What you should do
Skip the pictures and give back the rest of the listing exactly.

Recorded information
=-=-=-=-=

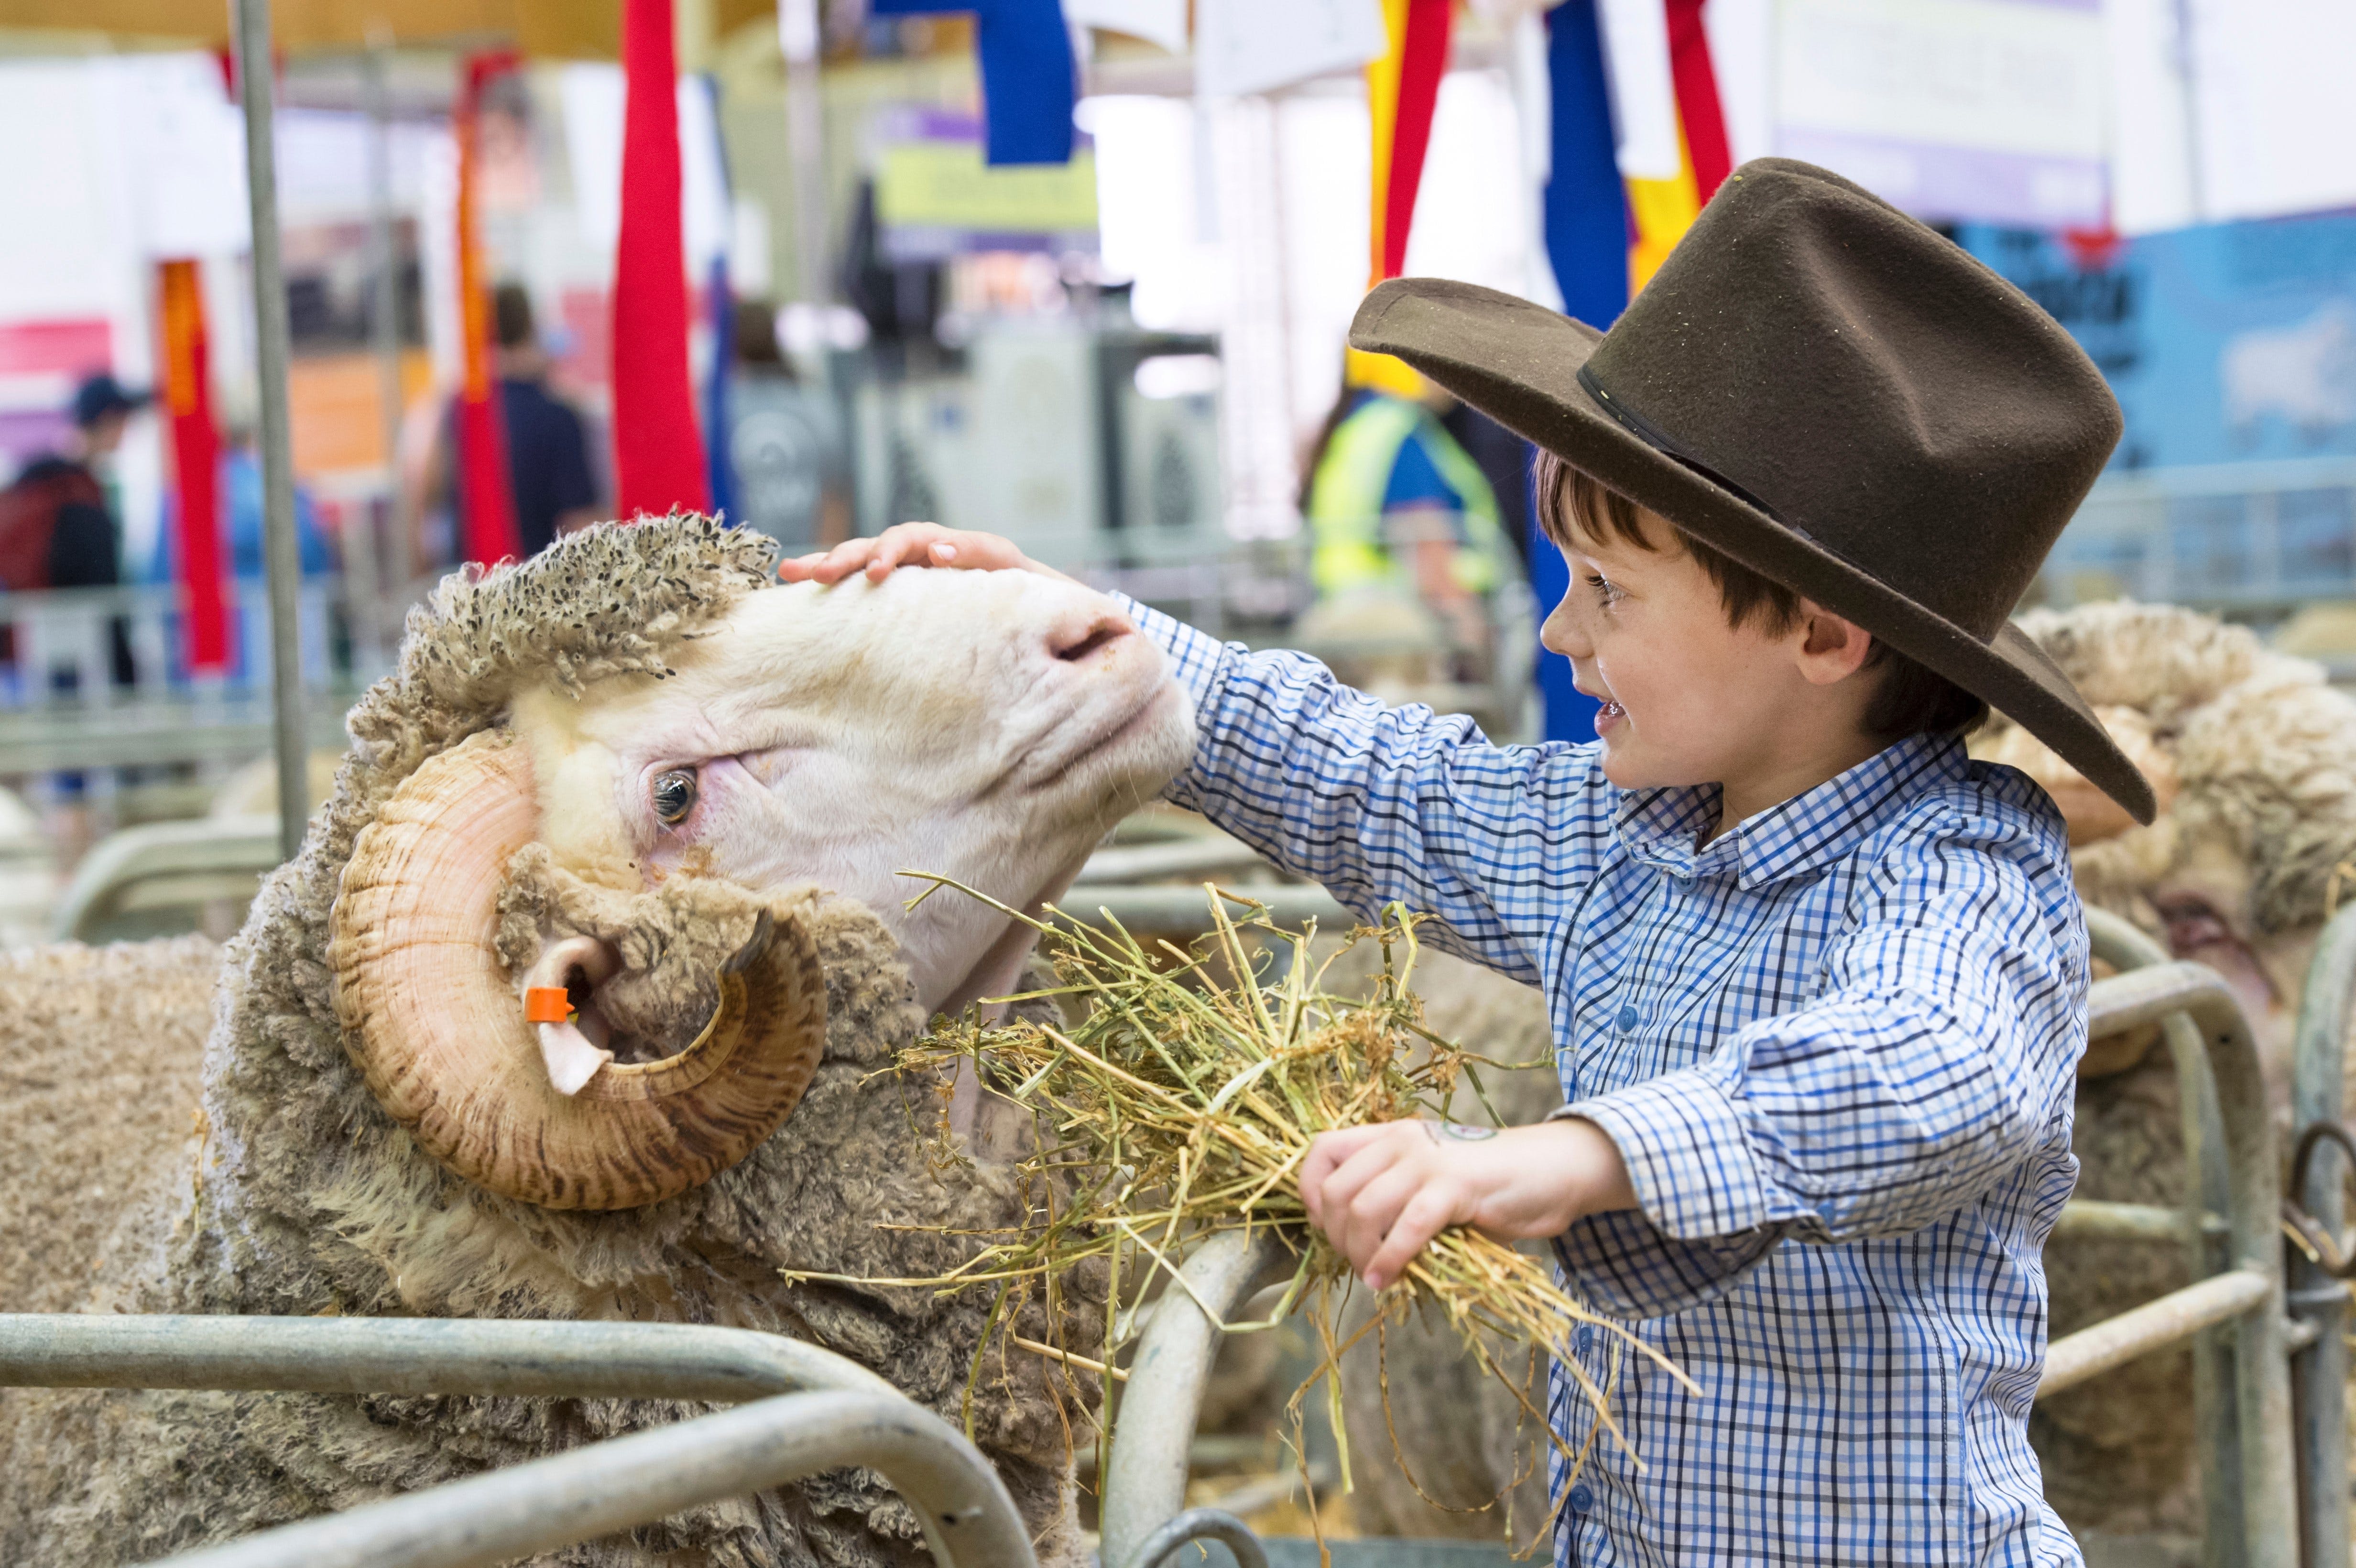 Sydney Royal Easter Show - Tourism Bookings WA
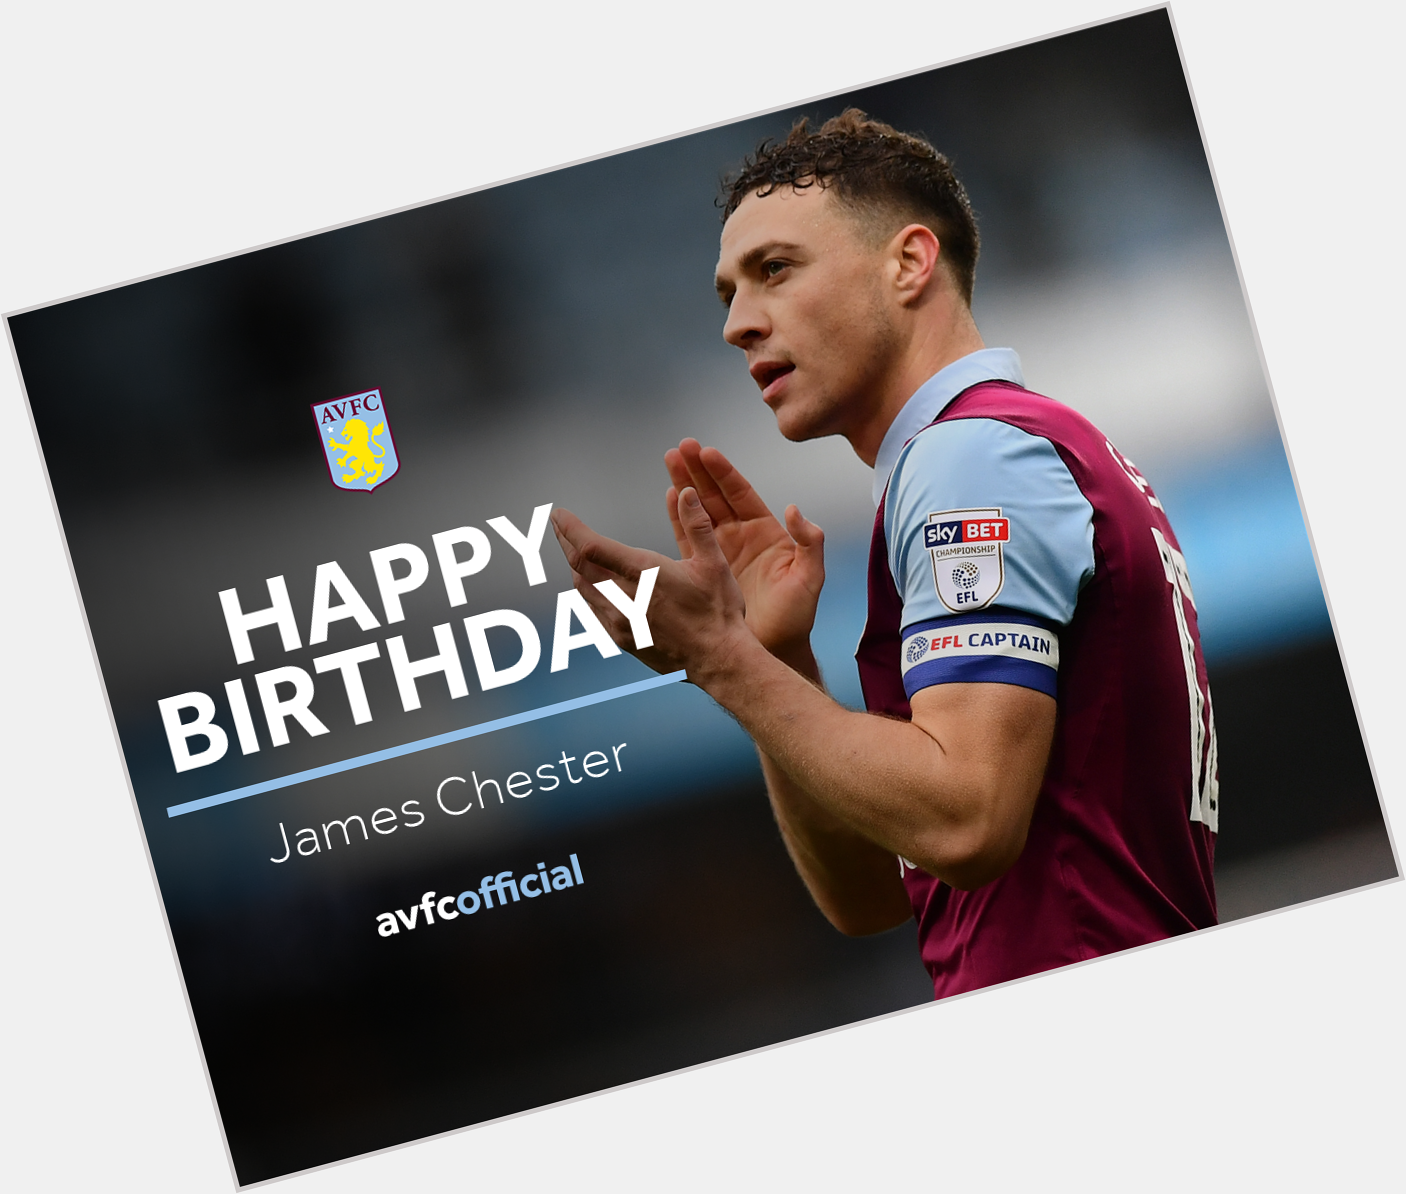   Happy Birthday to the Welsh rock that is, James Chester!

Have a great day James!

=-=-=-=-=

Solution
 Sydney Royal Easter Show - Tourism Bookings WA
   Happy Birthday to the Welsh rock that is, James Chester!

Have a great day James!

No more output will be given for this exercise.